XIII. Paperwork Reduction Act of 1995

    FDA tentatively concludes that this proposed rule contains no 
collections of information. Therefore, clearance by the Office of 
Management and Budget (OMB) under the Paperwork Reduction Act of 1995 
(the PRA) (44 U.S.C. 3501-3520) is not required.
    FDA also tentatively concludes that the draft special control 
guidance document does not contain new information collection 
provisions that are subject to review and clearance by OMB under the 
PRA. Elsewhere in this issue of the Federal Register, FDA is publishing 
a notice announcing the availability of the draft guidance document 
entitled ''Class II Special Controls Guidance Document:

[[Page 63732]]

Absorbable Hemostatic Device''; the notice contains an analysis of the 
paperwork burden for the draft guidance.

XIV. Comments

    Interested persons may submit to the Division of Dockets Management 
(see ADDRESSES) written or electronic comments regarding this document. 
Submit a single copy of electronic comments or two paper copies of any 
mailed comments, except that individuals may submit one paper copy. 
Comments are to be identified with the docket number found in brackets 
in the heading of this document. Received comments may be seen in the 
Division of Dockets Management between 9 a.m. and 4 p.m., Monday 
through Friday.

XV. References

    The following references have been placed on display in the 
Division of Dockets Management (see ADDRESSES) and may be seen by 
interested persons between 9 a.m. and 4 p.m., Monday through Friday.
    1. General and Plastic Surgery Devices Panel, Transcript, pp. 80-
177, July 8, 2002.
    2. General and Plastic Surgery Devices Panel, Transcript, July 24, 
2003.

List of Subjects in 21 CFR Part 878

    Medical devices.
    Therefore, under the Federal Food, Drug, and Cosmetic Act and under 
authority delegated to the Commissioner of Food and Drugs, it is 
proposed that 21 CFR part 878 be amended as follows:

PART 878--GENERAL AND PLASTIC SURGERY DEVICES

    1. The authority citation for 21 CFR Part 878 continues to read as 
follows:

    Authority: 21 U.S.C. 351, 360, 360c, 360e, 360j, 371.
    2. Section 878.4490 is revised to read as follows:


Sec.  878.4490  Absorbable hemostatic device.

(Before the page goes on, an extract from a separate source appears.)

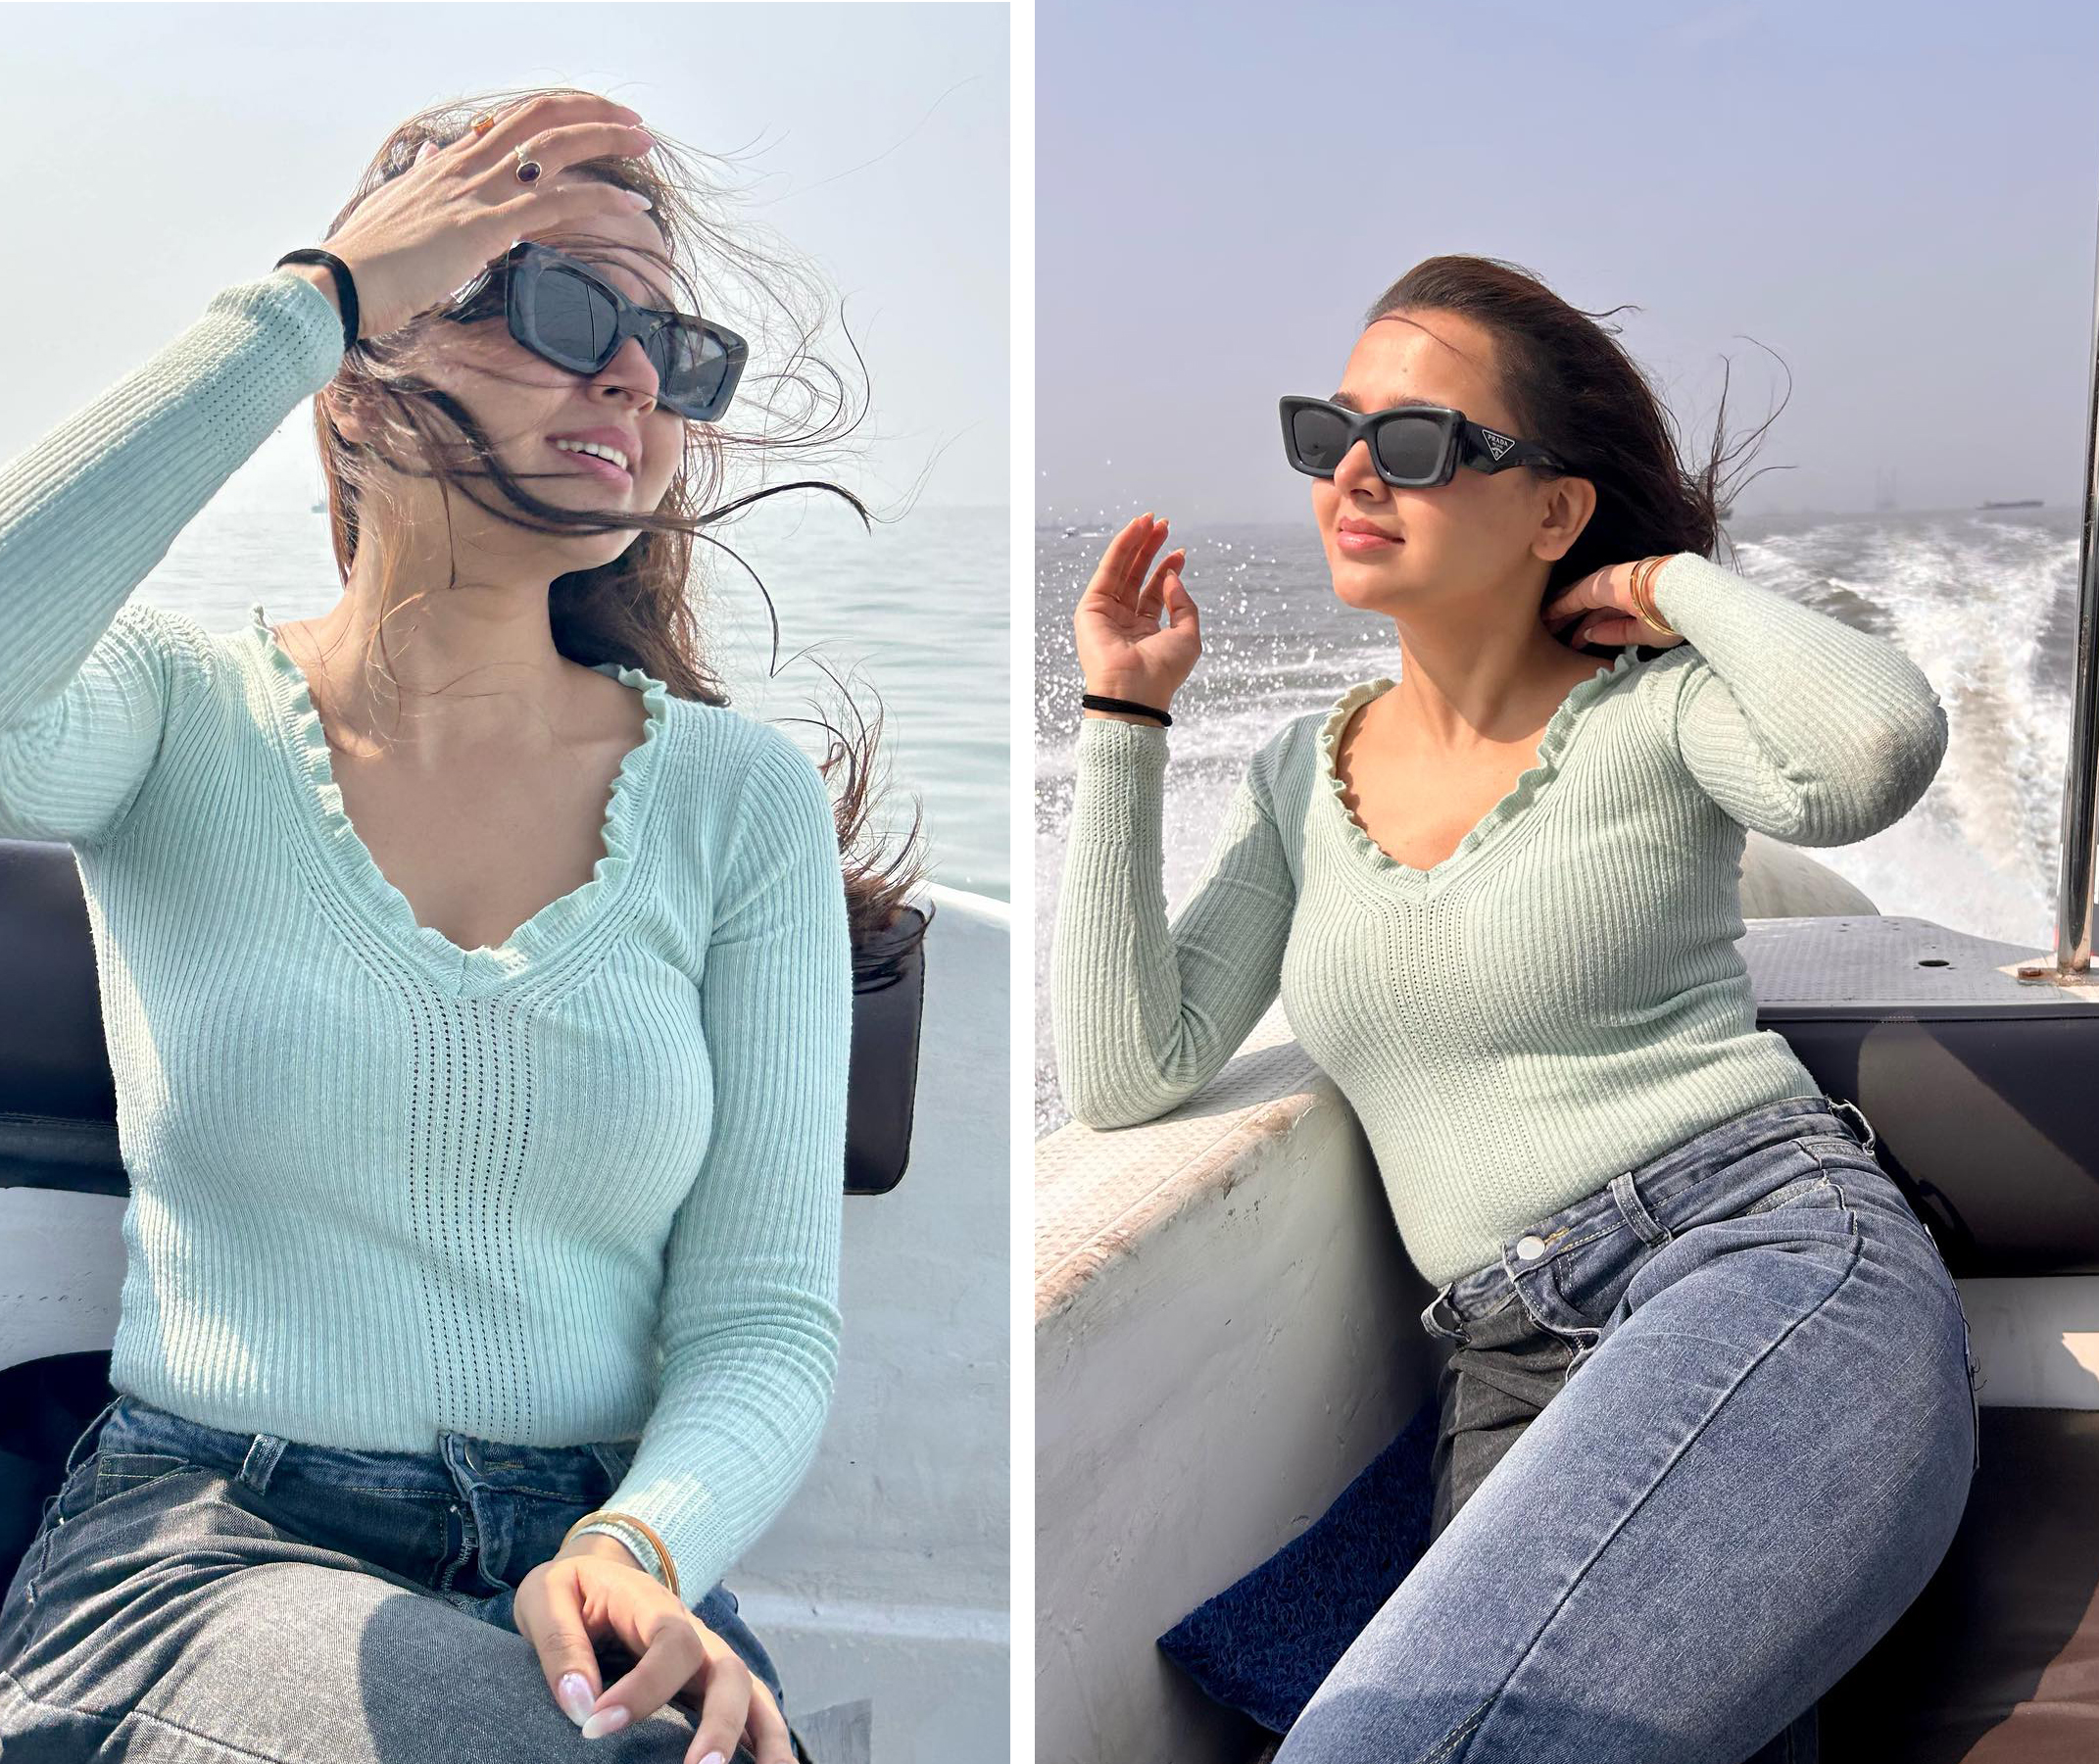 Bigg Boss 15 And Television Series Fame Actress Tejasswi Prakash Shared Her Pictures From Her Boat Adventure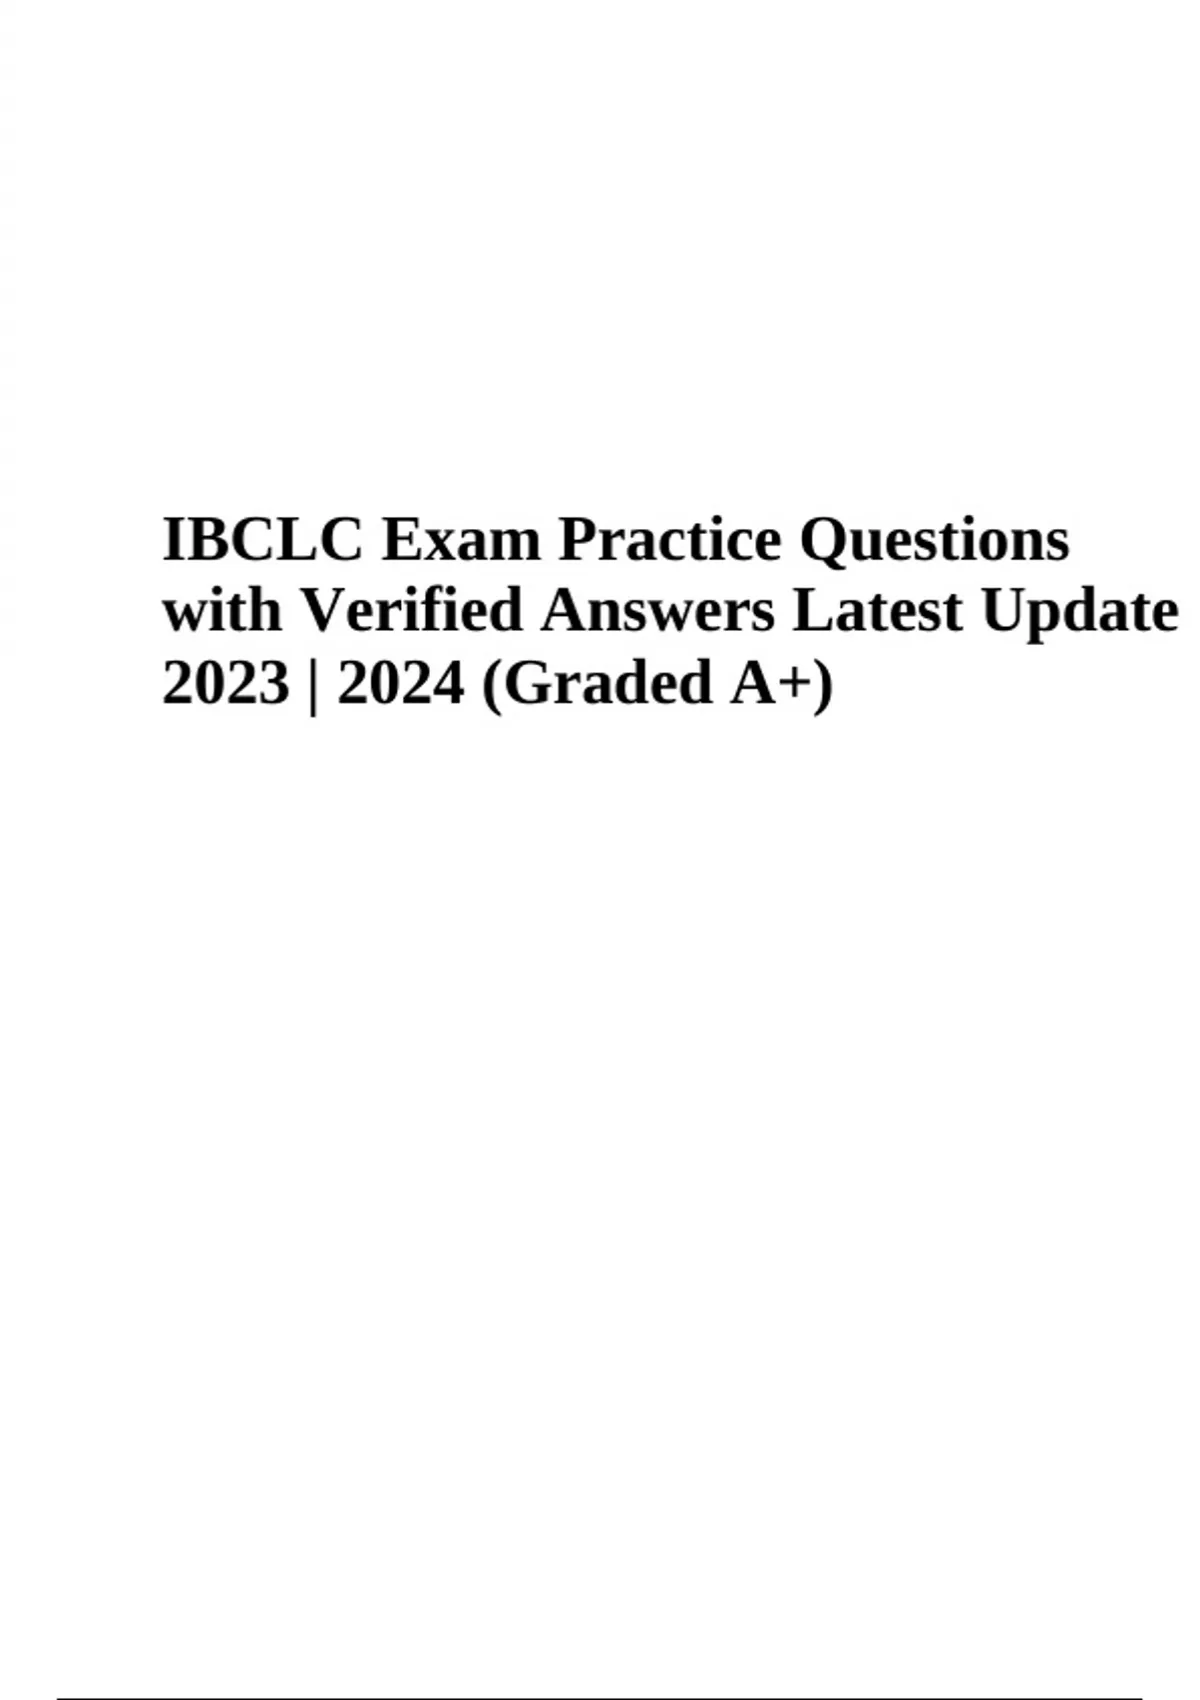 IBCLC Exam Practice Questions with Correct Answers Latest Update 2023

    (a) Identification. An absorbable hemostatic device is an 
absorbable device that is placed in the body during surgery to produce 
hemostasis by accelerating the clotting process of blood.
    (b) Classification. Class II (special controls). The special 
control for the device is FDA's ``Class II Special Controls Guidance 
Document: Absorbable Hemostatic Device.'' See Sec.  878.1(e) for the 
availability of this guidance document.

    Dated: October 19, 2006.
Linda S. Kahan,
Deputy Director, Center for Devices and Radiological Health.